- Provided information
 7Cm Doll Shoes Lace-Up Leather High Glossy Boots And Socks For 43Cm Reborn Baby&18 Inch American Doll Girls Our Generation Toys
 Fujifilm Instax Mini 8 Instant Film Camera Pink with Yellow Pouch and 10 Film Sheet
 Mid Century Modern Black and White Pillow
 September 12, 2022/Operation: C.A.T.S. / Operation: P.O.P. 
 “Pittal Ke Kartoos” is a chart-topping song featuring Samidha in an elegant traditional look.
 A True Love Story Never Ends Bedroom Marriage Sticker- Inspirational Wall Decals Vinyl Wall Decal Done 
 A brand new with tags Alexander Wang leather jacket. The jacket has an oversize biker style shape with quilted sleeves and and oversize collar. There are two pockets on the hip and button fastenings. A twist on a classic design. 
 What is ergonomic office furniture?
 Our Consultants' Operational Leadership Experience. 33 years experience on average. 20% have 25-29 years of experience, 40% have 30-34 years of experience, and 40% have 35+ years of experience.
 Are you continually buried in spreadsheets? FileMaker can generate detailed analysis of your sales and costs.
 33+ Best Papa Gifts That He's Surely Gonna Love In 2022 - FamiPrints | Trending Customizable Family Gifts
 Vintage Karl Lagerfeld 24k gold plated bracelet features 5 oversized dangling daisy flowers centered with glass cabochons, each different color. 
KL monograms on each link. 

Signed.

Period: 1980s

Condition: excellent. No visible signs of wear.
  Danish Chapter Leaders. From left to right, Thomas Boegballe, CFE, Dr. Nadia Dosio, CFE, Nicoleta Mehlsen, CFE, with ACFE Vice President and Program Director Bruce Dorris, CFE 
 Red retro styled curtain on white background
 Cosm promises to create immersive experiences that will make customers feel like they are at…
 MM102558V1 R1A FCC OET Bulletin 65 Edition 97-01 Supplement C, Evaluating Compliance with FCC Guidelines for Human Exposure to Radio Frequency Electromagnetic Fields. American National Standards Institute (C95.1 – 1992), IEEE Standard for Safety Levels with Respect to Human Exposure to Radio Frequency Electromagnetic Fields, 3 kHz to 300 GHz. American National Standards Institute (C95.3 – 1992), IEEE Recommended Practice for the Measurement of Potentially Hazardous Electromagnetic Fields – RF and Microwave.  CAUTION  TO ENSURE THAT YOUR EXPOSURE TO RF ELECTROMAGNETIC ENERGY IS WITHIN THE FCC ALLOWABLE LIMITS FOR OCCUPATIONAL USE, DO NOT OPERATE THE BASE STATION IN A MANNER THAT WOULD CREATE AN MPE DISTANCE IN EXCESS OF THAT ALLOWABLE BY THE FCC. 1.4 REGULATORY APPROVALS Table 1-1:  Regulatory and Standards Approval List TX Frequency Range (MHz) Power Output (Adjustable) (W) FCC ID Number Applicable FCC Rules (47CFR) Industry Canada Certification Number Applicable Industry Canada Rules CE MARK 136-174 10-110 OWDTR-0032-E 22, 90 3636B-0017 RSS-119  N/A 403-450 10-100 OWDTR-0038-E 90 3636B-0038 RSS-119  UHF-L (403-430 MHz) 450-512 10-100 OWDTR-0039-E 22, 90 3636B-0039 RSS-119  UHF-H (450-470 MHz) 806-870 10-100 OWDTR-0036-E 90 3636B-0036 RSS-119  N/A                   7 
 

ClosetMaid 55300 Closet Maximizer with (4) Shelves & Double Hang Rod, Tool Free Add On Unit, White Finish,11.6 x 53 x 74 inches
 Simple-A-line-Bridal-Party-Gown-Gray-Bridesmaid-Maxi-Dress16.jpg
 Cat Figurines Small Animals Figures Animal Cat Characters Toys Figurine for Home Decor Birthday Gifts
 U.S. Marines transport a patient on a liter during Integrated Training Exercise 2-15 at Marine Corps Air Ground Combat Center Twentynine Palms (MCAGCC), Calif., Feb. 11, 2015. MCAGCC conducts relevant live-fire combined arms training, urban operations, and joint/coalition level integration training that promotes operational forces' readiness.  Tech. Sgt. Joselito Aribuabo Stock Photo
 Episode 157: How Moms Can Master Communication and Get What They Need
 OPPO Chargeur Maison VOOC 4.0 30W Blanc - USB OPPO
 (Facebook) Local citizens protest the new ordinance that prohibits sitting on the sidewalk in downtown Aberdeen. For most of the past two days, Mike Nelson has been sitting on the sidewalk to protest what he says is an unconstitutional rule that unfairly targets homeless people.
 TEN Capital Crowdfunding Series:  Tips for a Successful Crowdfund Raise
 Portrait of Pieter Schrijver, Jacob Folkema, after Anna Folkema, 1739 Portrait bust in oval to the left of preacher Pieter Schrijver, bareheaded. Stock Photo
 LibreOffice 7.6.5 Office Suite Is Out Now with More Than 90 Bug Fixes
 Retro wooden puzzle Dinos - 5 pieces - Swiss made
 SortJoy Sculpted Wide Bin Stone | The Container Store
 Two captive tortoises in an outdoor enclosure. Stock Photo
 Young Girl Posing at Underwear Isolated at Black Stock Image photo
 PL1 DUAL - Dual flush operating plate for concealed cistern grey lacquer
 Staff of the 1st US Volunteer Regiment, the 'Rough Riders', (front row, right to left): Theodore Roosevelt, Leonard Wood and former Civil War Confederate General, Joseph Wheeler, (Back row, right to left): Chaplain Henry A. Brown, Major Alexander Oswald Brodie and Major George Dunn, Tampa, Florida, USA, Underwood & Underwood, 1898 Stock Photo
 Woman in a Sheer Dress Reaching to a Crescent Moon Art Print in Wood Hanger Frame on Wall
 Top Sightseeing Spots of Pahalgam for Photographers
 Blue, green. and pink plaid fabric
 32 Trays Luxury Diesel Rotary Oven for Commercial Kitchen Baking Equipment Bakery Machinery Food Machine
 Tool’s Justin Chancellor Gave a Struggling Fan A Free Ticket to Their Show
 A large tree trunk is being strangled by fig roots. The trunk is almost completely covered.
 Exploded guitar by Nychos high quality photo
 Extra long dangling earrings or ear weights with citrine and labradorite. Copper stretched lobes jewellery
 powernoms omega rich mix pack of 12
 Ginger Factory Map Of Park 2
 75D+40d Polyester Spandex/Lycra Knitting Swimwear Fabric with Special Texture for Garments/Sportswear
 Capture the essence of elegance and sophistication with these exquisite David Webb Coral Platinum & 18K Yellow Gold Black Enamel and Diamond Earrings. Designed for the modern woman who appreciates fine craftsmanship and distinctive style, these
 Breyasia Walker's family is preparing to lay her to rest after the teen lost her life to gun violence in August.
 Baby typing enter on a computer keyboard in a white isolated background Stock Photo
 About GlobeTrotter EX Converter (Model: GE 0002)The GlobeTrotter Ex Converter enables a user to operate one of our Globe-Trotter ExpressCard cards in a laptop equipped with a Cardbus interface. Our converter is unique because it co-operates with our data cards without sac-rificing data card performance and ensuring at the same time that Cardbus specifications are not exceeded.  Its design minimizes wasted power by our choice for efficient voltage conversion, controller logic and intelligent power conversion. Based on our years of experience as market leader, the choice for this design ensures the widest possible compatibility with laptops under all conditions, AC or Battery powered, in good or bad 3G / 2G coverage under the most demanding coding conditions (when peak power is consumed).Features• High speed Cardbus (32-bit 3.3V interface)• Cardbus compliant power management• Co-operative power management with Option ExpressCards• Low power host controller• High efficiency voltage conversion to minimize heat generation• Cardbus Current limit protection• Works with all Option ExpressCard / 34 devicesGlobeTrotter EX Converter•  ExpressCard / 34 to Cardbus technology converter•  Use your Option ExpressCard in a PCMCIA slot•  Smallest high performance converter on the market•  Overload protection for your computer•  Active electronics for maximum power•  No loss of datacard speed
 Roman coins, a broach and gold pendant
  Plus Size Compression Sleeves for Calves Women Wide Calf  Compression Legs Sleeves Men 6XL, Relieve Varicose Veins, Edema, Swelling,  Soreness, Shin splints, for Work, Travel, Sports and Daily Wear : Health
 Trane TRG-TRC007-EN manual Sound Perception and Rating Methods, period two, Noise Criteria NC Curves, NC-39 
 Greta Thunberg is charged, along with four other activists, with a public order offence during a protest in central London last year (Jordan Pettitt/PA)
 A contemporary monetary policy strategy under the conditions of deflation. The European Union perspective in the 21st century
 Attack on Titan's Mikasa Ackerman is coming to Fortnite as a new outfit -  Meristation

- Exercise
Copy the stretch of the records above that runs from the line with "Exploded guitar by Nychos high quality photo" through the line with "Roman coins, a broach and gold pendant". Both end lines belong in the copy, and nothing else does.

- Your response
 Exploded guitar by Nychos high quality photo
 Extra long dangling earrings or ear weights with citrine and labradorite. Copper stretched lobes jewellery
 powernoms omega rich mix pack of 12
 Ginger Factory Map Of Park 2
 75D+40d Polyester Spandex/Lycra Knitting Swimwear Fabric with Special Texture for Garments/Sportswear
 Capture the essence of elegance and sophistication with these exquisite David Webb Coral Platinum & 18K Yellow Gold Black Enamel and Diamond Earrings. Designed for the modern woman who appreciates fine craftsmanship and distinctive style, these
 Breyasia Walker's family is preparing to lay her to rest after the teen lost her life to gun violence in August.
 Baby typing enter on a computer keyboard in a white isolated background Stock Photo
 About GlobeTrotter EX Converter (Model: GE 0002)The GlobeTrotter Ex Converter enables a user to operate one of our Globe-Trotter ExpressCard cards in a laptop equipped with a Cardbus interface. Our converter is unique because it co-operates with our data cards without sac-rificing data card performance and ensuring at the same time that Cardbus specifications are not exceeded.  Its design minimizes wasted power by our choice for efficient voltage conversion, controller logic and intelligent power conversion. Based on our years of experience as market leader, the choice for this design ensures the widest possible compatibility with laptops under all conditions, AC or Battery powered, in good or bad 3G / 2G coverage under the most demanding coding conditions (when peak power is consumed).Features• High speed Cardbus (32-bit 3.3V interface)• Cardbus compliant power management• Co-operative power management with Option ExpressCards• Low power host controller• High efficiency voltage conversion to minimize heat generation• Cardbus Current limit protection• Works with all Option ExpressCard / 34 devicesGlobeTrotter EX Converter•  ExpressCard / 34 to Cardbus technology converter•  Use your Option ExpressCard in a PCMCIA slot•  Smallest high performance converter on the market•  Overload protection for your computer•  Active electronics for maximum power•  No loss of datacard speed
 Roman coins, a broach and gold pendant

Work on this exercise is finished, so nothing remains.